Я обернулся. Мужчина был одет так же, как и я, в похожий платье-халат, только в красных узорах. Ростом с меня, лицо волевое, смуглое, с небольшой чёрной бородой. Глаза выражали усталость и какую-то безысходность.
— Выбрал же он место для встречи. Ничего не скажешь — смельчак! — продолжал человек в красном. — Сейчас прибудут остальные. Ты уже поставил для нас защиту?
Я его не понимал. Чего он от меня хочет? Какой я ему нафиг аквэн сто двадцатилетний?

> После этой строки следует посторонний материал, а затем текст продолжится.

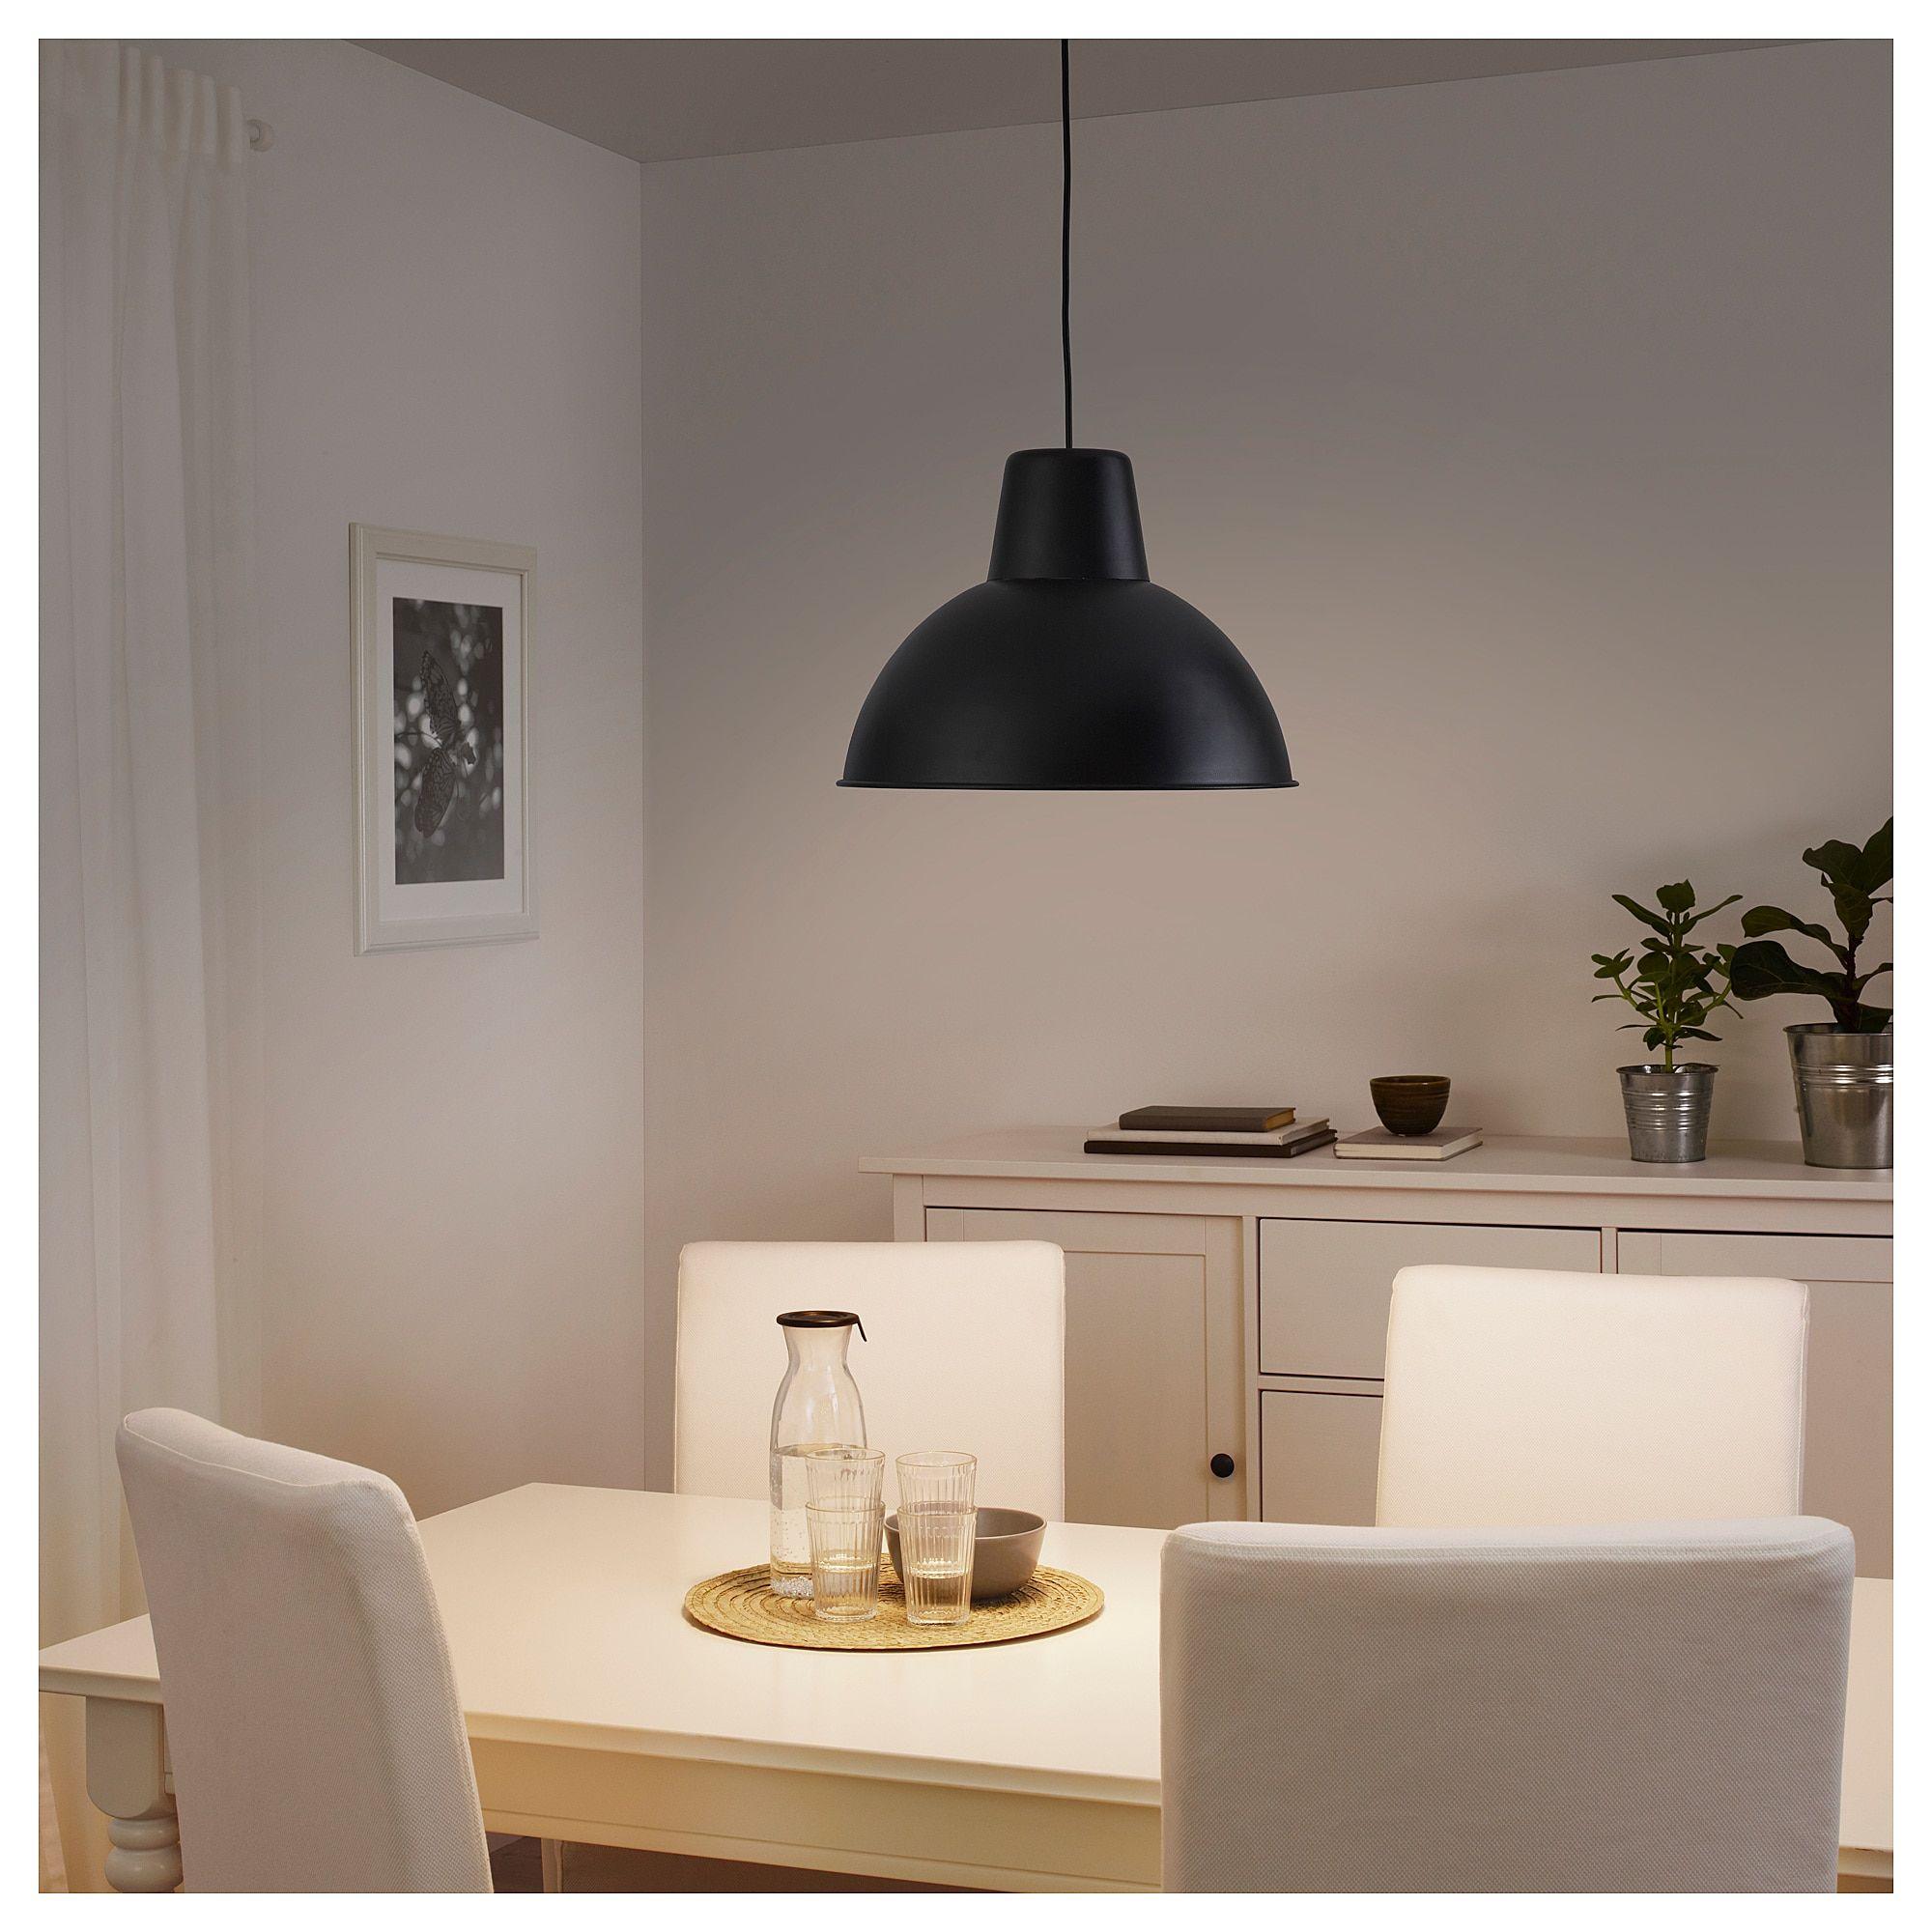 Skurup Pendant Lamp Black 15 38 Cm En 2020 Luminaires Salle A Manger Suspension Ikea Lampe Suspendue

Хотелось спросить всё это, но, едва я открыл рот, как стало вдруг тесно и душно. Голос мне не подчинялся, словно я был кем-то, кому можно смотреть, но нельзя говорить. Наблюдатель? Что ж посмотрим.
— Фэриос, нет, защиту я пока не ставил. Ты это сделаешь сам. Щит огня в этих условиях будет лучше действовать, — ответил я, точнее, тот, в ком я нахожусь.
Только переселения душ мне здесь не хватало!
— Как знаешь, — произнёс он.
И начал совершать пасы руками. В воздухе то и дело вспыхивало пламя, но тут же угасало.
— Что с тобой случилось? Ты места себе не находишь, — продолжал «красный». — Всё будет хорошо. Оракул дал высокую вероятность вернуться живым из этого похода.
— Мне было не по себе, но сейчас уже всё в порядке, — ответил аквэн, внутри которого я сидел.
«Красный» все махал и махал, пламя все вспыхивало и гасло, а я не мог понять, получается у него ставить щит или нет. Вскоре начали появляться и другие ряженые, все пёстрые. В глазах зарябило. И не зажмуришься, тело-то не моё.
Промелькнул и знакомый тип. Геша! Тут как тут. И чего он тут забыл?
Посмо-отрим…
Все перешёптывались, переглядывались, кучковались, как в кино показывают собрания высшего света. Неизвестно, чего они ждали. Напряженно ждали. Все, кроме Геши, который сохраняя завидную невозмутимость, то и дело поглядывал в сторону каменюки, похожей на трибуну и напомнившей мне сначала ритуальный камень.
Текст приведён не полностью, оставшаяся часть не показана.